The duo's longtime friendship became a formal musical partnership after Martin invited Brickell to come up with a song for a banjo tune he'd come up with. The experiment proved successful and they began collaborating in earnest, despite the fact that they lived on opposite coasts, writing separately and exchanging digital files via email.

Many of So Familiar's songs are also featured in Bright Star, a new stage musical built around Martin and Brickell's songs, with Asher as music supervisor. The show, whose initial inspiration was the Love Has Come for You track "Sarah Jane and the Iron Mountain Baby," was first staged at San Diego's Old Globe Theater in 2014 and opens at the John F. Kennedy Center for the Performing Arts in Washington, D.C. on December 17, 2015, to be followed by a Broadway premiere in 2016.

As Martin recalls, "We were talking about how much we loved musicals, and Edie said 'Maybe there's a subject in one of our songs that could be the subject of a musical.' I didn't think so, but one day I was on a bicycle in Manhattan, mentally going through our catalogue, and I remembered 'Sarah Jane and the Iron Mountain Baby,' and I fell off the bicycle and immediately called Edie.'"

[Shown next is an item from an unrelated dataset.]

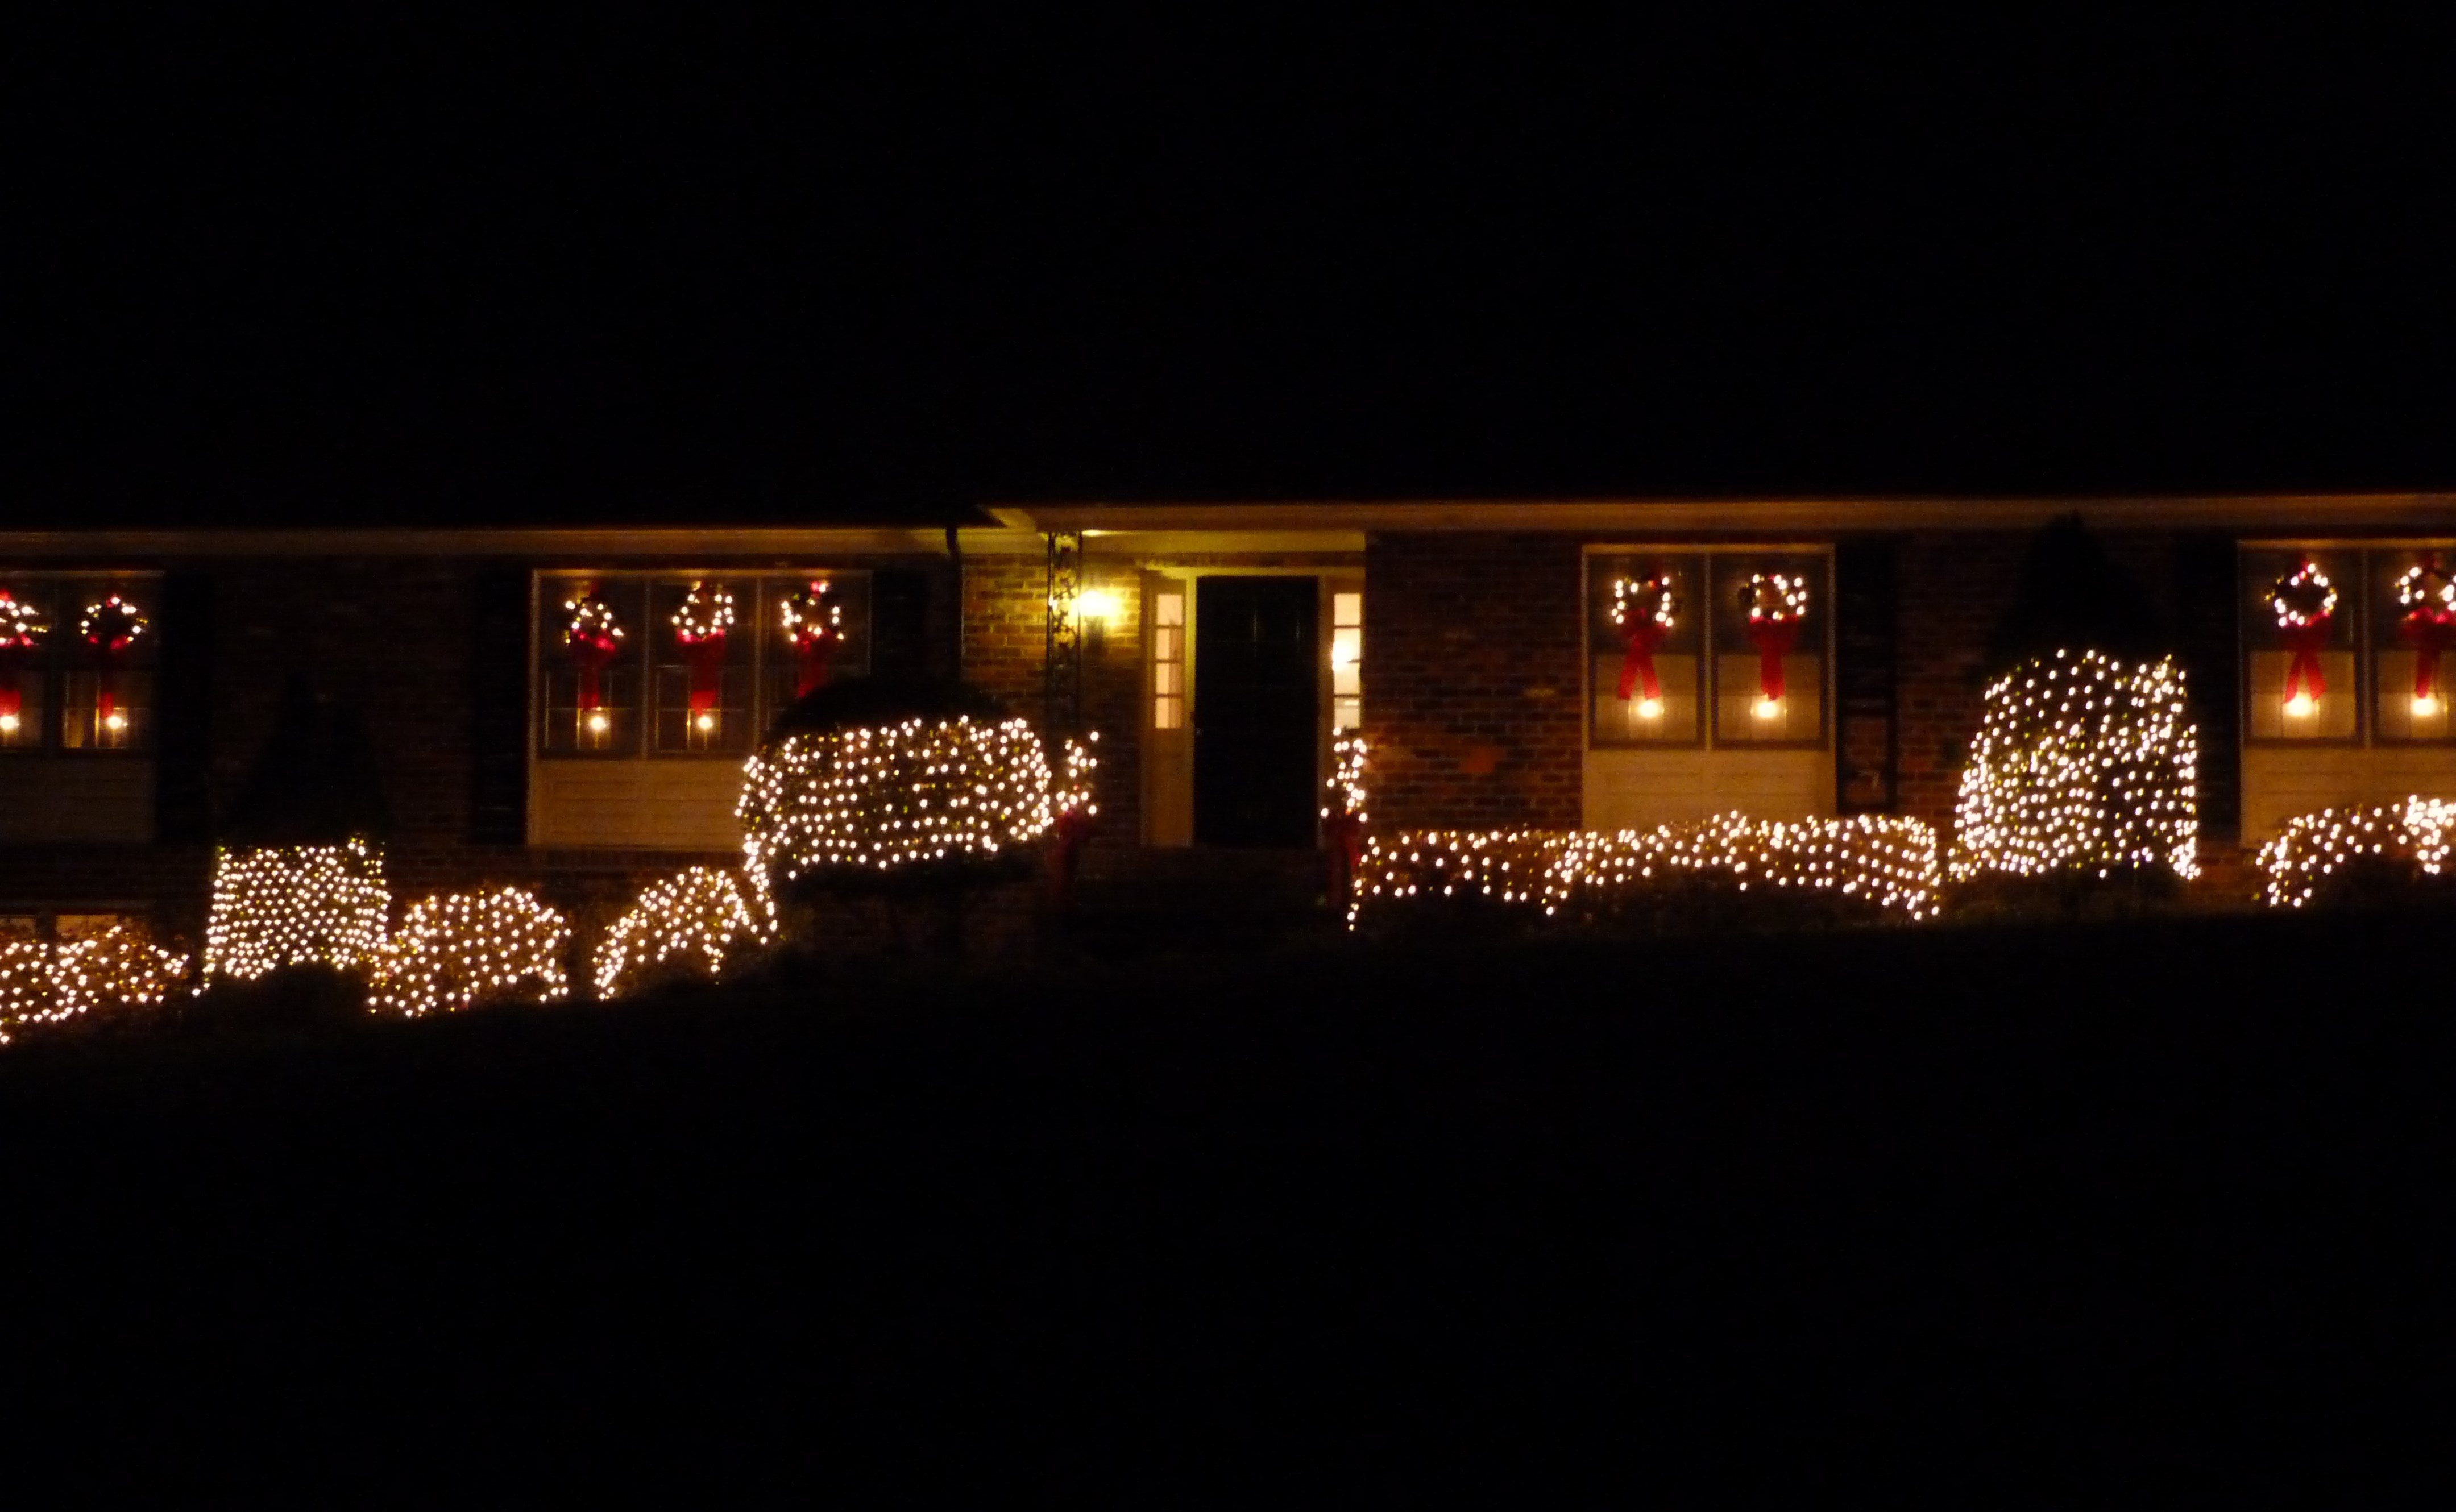 durham nc christmas lights

The experience of hearing their songs performed on stage by Bright Star's cast proved to be a moving experience for the songwriters.

"We both got very emotional hearing other people singing these songs," Brickell marvels. "They have such big, beautiful voices and sing in a way that I don't, and they bring the full dramatic effort to it. To hear those voices singing our songs, it just feels bigger than life, and it makes it all feel so real somehow."

With a pair of deeply compelling albums to their credit and a major stage musical on the way, Steve Martin and Edie Brickell's unique musical partnership couldn't be any more real.

"Everything about this feels so unexpected, yet at the same time it feels like it was meant to be," Martin observes. "It started as 'Let's try writing some songs,' and the next thing you know, we've got a musical. The whole thing has been a very nice surprise."